Firstly, I will mention major resources, from which one can get all basic information about protocol:
Protocol specification - http://www.adobe.com/devnet/f4v.html
Description of manifest file - (f4m format)
And, of course, basic resource, where it is very clearly, without ink-horn terms, explained how to prepare in practice files for broadcasting using this technology - http://www.thekuroko.com/http-dynamic-streaming-getting-started/
I think there is no sense to repeat the information provided in above blog, so I'm just going to summarize it and point out nuances, which I encountered and have not found any information about it anywhere in the network.
How video streaming playback works? Initially, player requests a manifest file (f4m), from which it gets general information about video stream. Further, if it is written in the manifest, other files, which contain additional management information may be requested. After that, player makes consecutive fragments’ requests. The fragment is the same mp4 file (or more exactly, file of Adobe format, which structure is very close to mp4 structure), but much smaller and contains audio and video data, usually sufficient only for a few seconds of playing. I.e. player requested a fragment, played it, and requested the next fragment, played it, etc.
The first difficulty that I have encountered was that tool from Adobe - f4fpackager, which is used in files preparation on server works exactly with files. We need fragments, because we have live streaming video and at the time of sending video data to player we still have no idea what kind of data we will have in a minute. What is the fragment and what is it’s structure - this information is not available. Only in format specifications those atoms (i.e., such blocks of data in file, with a strictly certain information), that may be present in fragments and are absent in preparation of regular files, are briefly mentioned. But I have not found any detailed description or examples. I.e. the information that I was able to find was absolutely insufficient for development. Thus I had to experiment.
And here, in studying process of atoms’ structure, first surprise was waiting for me. While Microsoft uses structure of atoms in its technology of fragments’ creation, which is very close to mp4 structure, in Adobe everything goes in a different way. For example, in mp4 files in mdat atoms only audio/video data is contained, without any management information. In Adobe most part of management information is present just in mdat atom, with audio/video data jointly. And it is present for a reason, it encapsulate RTMP protocol in itself. I.e. my position, according to which I thought that while examine the format of adaptive streaming from Adobe I will not require knowledge of RTMP protocol, turned out to be mistaken. I had to study RTMP. However, not in full volume, but I still had to. Fortunately, a lot of experimental attempts, general information analysis did its’ part and I have successfully coped with the structure of mdat atom.
Then it was necessary to understand how to form fragments, because as I have already mentioned, f4fpackager works with files.
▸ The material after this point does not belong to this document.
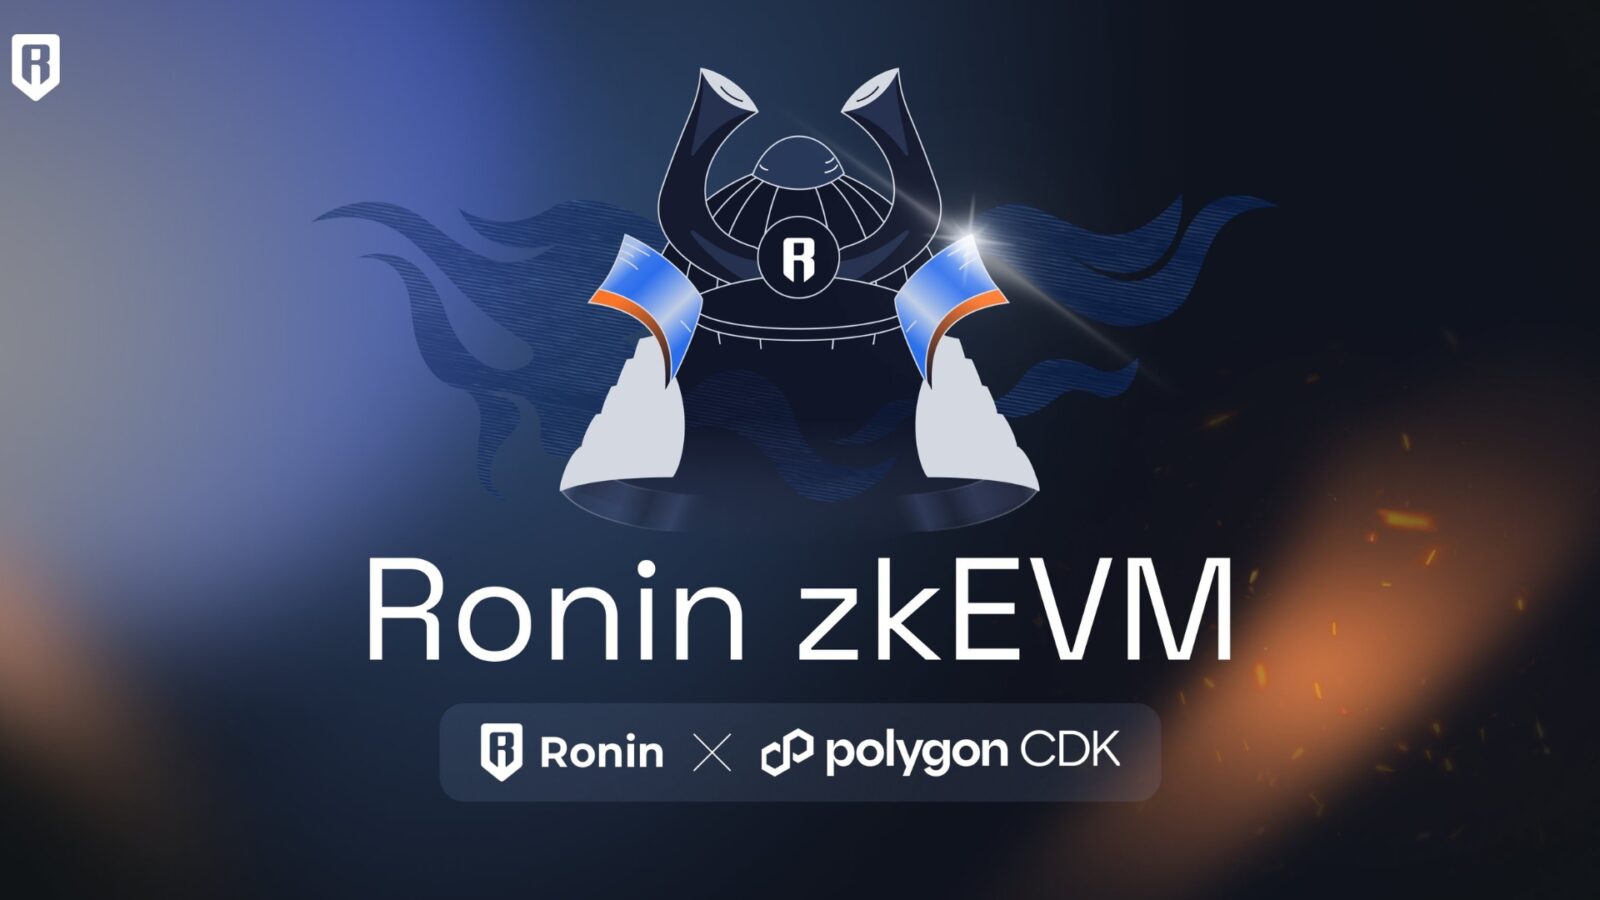 Sky Mavis Announces Support for zkEVM L2 Chains on Ronin

Fortunately, through trial and error, I have successfully coped with this task, as a result, broadcast started to work.
The next scourge was waiting for me here, which, as I have noticed, many broadcasting system encounter – it is video and audio synchronization. I have devoted to this issue a special note — audio and video synchronization
The last step is remained.
I have analyzed the data, which were sending to player now. One could see with the naked eye, that absolutely unimportant management information, sometimes just unnecessary information takes a considerable data part. This information was transferred with every fragment, giving tangible addition to bitrate. I don't know why this was done, maybe there were some objective reasons for that, but I just had a desire to get rid of this unnecessary information. And indeed, after a series of experiments, I have reduced management information for 70 per cent and it absolutely did not affect player’s playback. In particular, this can be considered as an advantage over professional systems of live streaming from Adobe.
Igor, October 2012.
|